**Exercise:**
In the listing below, the lines starting with the line with "Der Chef einer" and going on through the line with "Szerencsehozó virágok a lakásban - Blikk" are to be reproduced exactly, and only those.

(Beginning of Data extract)

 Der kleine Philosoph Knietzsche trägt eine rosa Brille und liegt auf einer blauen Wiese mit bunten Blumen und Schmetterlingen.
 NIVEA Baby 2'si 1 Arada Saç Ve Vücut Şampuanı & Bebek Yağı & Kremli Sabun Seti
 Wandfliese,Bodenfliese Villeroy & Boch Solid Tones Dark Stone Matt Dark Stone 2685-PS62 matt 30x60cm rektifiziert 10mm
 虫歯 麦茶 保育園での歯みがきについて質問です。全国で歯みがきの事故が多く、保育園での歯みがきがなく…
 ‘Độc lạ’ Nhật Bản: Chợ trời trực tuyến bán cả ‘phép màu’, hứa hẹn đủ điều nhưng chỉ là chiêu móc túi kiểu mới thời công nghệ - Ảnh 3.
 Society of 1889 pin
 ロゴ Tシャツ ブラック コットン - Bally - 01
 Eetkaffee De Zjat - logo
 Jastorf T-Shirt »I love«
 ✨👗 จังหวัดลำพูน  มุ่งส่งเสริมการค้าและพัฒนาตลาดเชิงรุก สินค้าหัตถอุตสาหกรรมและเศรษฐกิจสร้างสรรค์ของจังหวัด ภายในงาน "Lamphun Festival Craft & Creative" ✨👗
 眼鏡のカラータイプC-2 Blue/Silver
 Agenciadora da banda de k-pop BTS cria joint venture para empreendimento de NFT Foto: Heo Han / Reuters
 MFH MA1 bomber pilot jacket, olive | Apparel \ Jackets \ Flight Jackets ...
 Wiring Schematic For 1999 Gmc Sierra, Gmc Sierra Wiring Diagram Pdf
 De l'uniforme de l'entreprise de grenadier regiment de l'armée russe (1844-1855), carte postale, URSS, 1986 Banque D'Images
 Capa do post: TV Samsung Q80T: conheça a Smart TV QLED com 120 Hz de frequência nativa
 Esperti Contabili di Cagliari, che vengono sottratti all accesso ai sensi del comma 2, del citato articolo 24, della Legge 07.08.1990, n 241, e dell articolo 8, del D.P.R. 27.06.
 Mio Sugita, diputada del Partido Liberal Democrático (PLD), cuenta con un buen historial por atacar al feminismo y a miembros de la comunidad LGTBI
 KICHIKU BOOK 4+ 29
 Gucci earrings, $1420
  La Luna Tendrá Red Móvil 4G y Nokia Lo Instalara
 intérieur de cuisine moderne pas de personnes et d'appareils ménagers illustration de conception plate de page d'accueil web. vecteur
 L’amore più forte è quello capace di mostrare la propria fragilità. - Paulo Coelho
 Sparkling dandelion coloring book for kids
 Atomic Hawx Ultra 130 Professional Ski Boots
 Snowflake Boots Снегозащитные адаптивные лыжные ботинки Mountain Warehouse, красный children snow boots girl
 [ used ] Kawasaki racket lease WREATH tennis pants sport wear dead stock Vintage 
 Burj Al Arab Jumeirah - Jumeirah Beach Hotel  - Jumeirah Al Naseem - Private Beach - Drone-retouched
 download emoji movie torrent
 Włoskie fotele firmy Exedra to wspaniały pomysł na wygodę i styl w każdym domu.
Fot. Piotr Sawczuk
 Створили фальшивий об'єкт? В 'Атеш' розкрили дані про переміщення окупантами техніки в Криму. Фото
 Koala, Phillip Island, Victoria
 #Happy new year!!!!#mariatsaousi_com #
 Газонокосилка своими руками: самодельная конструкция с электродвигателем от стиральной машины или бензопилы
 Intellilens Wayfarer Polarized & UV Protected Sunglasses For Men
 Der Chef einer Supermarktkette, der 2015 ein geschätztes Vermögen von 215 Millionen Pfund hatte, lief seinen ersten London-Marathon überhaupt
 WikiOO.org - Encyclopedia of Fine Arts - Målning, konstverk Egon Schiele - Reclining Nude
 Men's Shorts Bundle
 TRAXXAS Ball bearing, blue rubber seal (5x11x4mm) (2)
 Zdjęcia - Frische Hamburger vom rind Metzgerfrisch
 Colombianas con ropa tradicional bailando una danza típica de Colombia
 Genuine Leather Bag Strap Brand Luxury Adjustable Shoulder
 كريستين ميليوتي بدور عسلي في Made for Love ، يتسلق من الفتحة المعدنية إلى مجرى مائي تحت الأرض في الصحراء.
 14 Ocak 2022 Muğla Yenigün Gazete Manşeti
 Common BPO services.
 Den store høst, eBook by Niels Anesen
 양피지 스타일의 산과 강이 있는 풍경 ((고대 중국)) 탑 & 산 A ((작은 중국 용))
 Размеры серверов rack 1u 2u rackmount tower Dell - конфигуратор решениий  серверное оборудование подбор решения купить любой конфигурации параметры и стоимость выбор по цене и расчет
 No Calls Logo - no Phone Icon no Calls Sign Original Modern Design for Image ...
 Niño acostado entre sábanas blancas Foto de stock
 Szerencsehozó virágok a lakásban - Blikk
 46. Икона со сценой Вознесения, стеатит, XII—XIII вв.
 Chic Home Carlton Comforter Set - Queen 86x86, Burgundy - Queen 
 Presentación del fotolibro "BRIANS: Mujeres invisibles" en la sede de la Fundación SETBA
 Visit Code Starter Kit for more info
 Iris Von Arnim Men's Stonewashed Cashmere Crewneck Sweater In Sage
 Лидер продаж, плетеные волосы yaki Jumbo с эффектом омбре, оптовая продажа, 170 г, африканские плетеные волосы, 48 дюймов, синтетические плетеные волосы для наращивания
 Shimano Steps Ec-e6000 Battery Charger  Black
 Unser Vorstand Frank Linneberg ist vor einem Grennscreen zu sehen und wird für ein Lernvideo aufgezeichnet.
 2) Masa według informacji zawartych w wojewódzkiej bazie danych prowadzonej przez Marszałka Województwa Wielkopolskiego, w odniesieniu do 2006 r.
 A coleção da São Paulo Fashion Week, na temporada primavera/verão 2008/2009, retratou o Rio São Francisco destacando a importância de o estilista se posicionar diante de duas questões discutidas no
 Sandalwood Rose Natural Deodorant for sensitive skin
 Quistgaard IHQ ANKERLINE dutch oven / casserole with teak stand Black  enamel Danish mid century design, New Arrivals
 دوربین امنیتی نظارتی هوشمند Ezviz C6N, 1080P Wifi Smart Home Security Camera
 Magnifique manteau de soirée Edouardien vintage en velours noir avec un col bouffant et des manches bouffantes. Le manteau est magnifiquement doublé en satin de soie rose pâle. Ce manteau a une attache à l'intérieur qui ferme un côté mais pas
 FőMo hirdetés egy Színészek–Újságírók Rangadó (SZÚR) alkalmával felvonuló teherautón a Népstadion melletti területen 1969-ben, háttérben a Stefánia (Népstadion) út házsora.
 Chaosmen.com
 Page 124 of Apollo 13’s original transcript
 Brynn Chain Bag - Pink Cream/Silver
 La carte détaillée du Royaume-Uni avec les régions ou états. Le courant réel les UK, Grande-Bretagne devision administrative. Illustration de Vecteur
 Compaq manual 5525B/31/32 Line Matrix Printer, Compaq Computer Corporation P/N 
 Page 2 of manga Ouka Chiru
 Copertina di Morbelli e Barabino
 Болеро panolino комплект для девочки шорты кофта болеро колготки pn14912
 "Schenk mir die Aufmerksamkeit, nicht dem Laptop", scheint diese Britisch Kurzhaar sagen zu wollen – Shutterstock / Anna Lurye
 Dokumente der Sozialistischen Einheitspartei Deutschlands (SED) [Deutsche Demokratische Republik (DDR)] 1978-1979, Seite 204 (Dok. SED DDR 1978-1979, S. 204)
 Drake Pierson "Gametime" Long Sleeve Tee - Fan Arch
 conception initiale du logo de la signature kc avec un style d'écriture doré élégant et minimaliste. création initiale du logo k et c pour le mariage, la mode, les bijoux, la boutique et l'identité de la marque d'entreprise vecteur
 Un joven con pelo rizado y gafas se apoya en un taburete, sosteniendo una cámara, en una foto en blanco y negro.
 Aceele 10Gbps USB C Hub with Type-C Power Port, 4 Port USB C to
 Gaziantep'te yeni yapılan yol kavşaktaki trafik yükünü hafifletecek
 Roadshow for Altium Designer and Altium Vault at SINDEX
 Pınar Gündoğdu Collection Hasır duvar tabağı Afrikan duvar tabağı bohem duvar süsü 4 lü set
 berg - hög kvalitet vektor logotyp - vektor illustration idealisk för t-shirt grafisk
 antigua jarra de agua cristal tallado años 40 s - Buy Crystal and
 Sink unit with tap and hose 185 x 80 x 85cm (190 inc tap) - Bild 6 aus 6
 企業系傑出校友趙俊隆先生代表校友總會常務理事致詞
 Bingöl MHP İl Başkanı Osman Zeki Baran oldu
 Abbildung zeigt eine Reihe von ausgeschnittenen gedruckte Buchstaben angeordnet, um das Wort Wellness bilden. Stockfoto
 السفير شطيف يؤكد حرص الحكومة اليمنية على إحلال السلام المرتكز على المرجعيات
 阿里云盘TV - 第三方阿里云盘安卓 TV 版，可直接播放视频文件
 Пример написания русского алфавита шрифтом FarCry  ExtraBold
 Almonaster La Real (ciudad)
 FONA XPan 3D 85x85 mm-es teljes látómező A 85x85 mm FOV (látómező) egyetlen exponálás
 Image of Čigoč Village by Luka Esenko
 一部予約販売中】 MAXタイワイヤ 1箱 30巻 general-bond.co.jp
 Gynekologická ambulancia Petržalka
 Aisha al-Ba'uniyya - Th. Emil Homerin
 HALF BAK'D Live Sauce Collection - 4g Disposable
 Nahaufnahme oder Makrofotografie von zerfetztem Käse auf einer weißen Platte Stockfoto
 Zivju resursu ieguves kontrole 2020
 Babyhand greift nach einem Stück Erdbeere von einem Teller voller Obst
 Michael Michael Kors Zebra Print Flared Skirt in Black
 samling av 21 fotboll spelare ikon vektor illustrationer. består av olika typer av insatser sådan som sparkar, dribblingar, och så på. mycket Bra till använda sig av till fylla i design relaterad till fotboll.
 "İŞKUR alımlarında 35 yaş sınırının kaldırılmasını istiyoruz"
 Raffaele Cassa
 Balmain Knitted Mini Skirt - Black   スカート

(End of Data extract)

**Exercise result:**
 Der Chef einer Supermarktkette, der 2015 ein geschätztes Vermögen von 215 Millionen Pfund hatte, lief seinen ersten London-Marathon überhaupt
 WikiOO.org - Encyclopedia of Fine Arts - Målning, konstverk Egon Schiele - Reclining Nude
 Men's Shorts Bundle
 TRAXXAS Ball bearing, blue rubber seal (5x11x4mm) (2)
 Zdjęcia - Frische Hamburger vom rind Metzgerfrisch
 Colombianas con ropa tradicional bailando una danza típica de Colombia
 Genuine Leather Bag Strap Brand Luxury Adjustable Shoulder
 كريستين ميليوتي بدور عسلي في Made for Love ، يتسلق من الفتحة المعدنية إلى مجرى مائي تحت الأرض في الصحراء.
 14 Ocak 2022 Muğla Yenigün Gazete Manşeti
 Common BPO services.
 Den store høst, eBook by Niels Anesen
 양피지 스타일의 산과 강이 있는 풍경 ((고대 중국)) 탑 & 산 A ((작은 중국 용))
 Размеры серверов rack 1u 2u rackmount tower Dell - конфигуратор решениий  серверное оборудование подбор решения купить любой конфигурации параметры и стоимость выбор по цене и расчет
 No Calls Logo - no Phone Icon no Calls Sign Original Modern Design for Image ...
 Niño acostado entre sábanas blancas Foto de stock
 Szerencsehozó virágok a lakásban - Blikk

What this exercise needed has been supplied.